Treatment of relapsed and refractory multiple myeloma

Seema Singhal, Jayesh Mehta
Current Treatment Options in Oncology 2003, 4 (3): 229-37
The definition of relapsed and refractory myeloma was straightforward when melphalan-prednisone constituted the mainstay of treatment and high-dose therapy with transplantation was rarely used in myeloma. However, several advances have occurred in the treatment of myeloma over the past decade. Most notably, high-dose therapy and transplantation have become broadly applicable, thalidomide has become available as effective salvage therapy, and several investigational agents with novel mechanisms of action appear to be very promising. Because of the differing properties of some of these agents, it is often possible to control the disease with an alternative treatment approach after the failure of one therapy. Some data indicate that combinations of these agents work when the drugs have failed individually. Therefore, refractory myeloma indicates disease unresponsive to the most recent therapy administered. Broadly, the salvage approaches that are used in patients with refractory or relapsed disease include high-dose dexamethasone, high-dose chemotherapy with autotransplantation, allogeneic hematopoietic stem cell transplantation, thalidomide-based therapies, and novel/investigational agents.
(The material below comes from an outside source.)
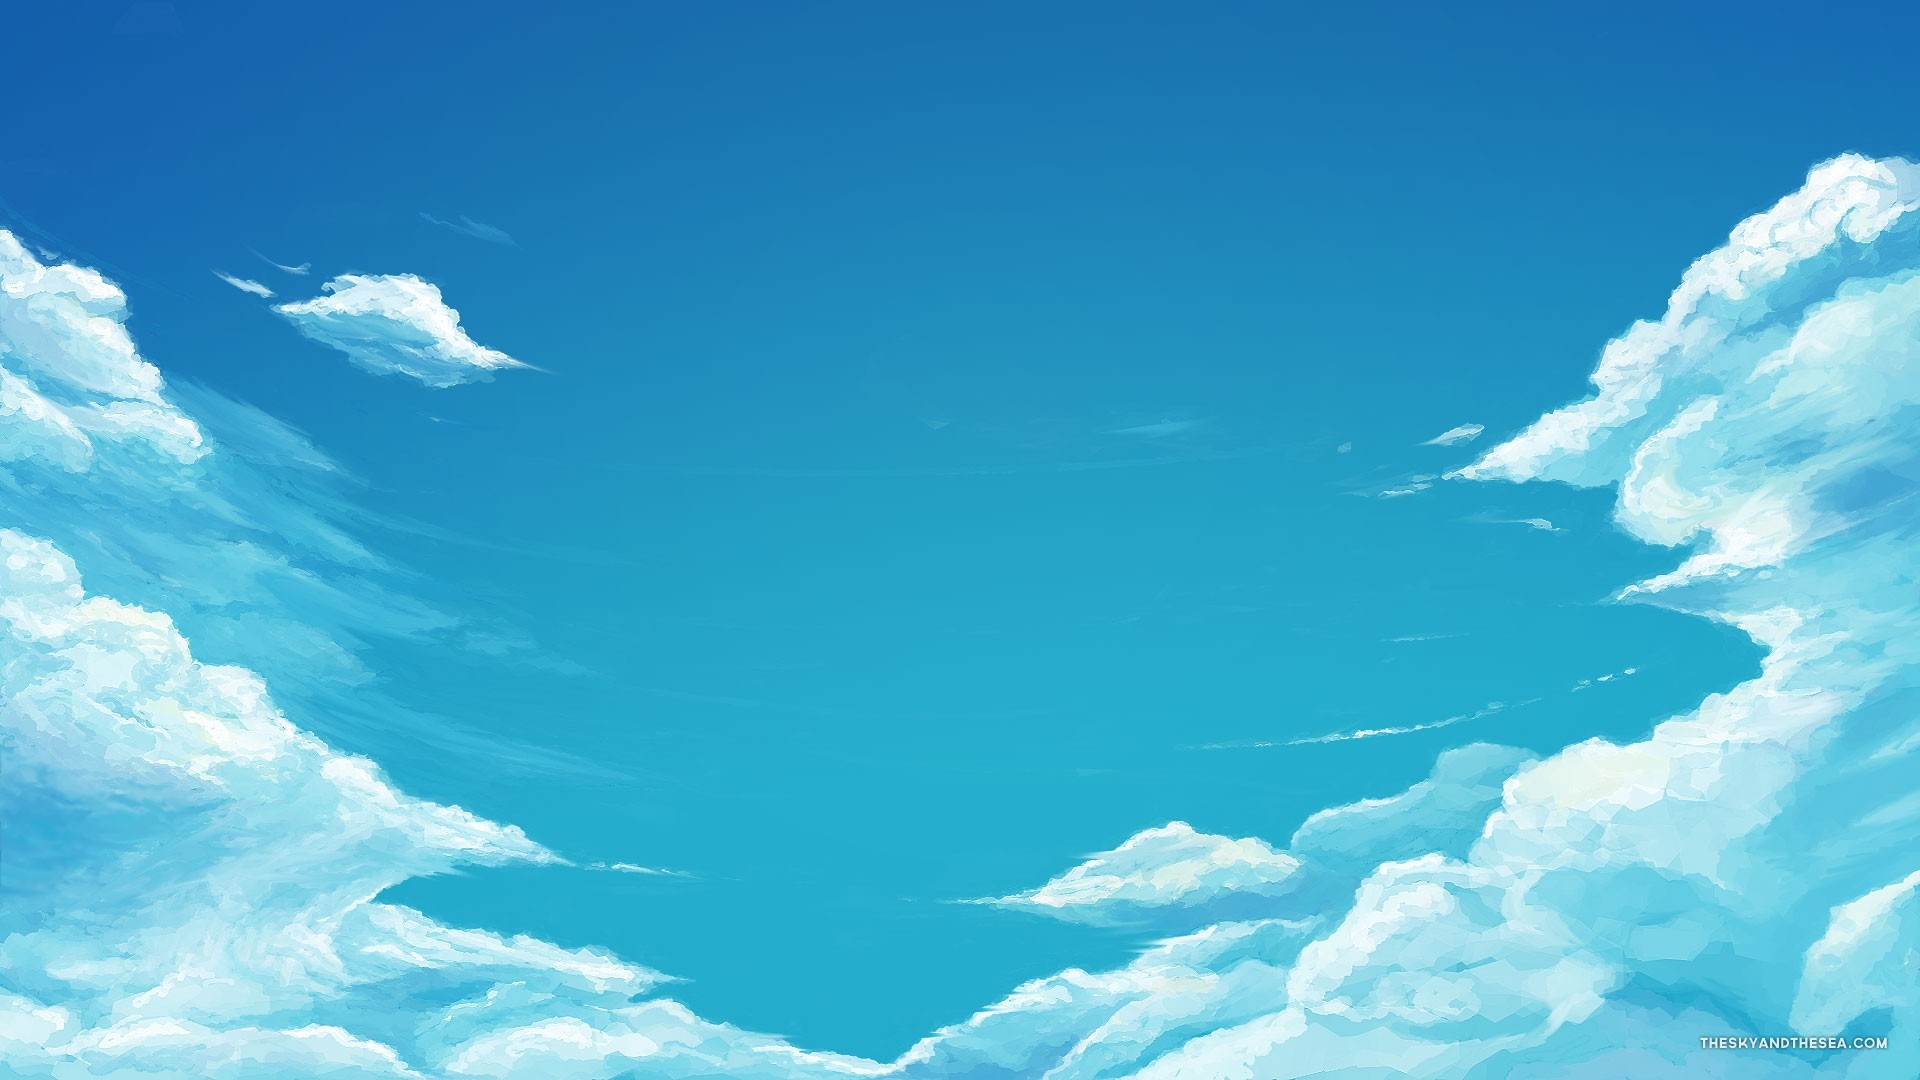 Blue Cloud PC Wallpaper

The appropriate therapy for a given situation depends on the nature of the disease, age, organ function, bone marrow function, prior treatment, the availability of stem cell donors, and access to novel agents. A therapeutic trial of thalidomide is essential at some stage of the disease in all patients. High-dose therapy with autotransplantation is needed at some stage of the disease in most patients younger than 65 to 70 years.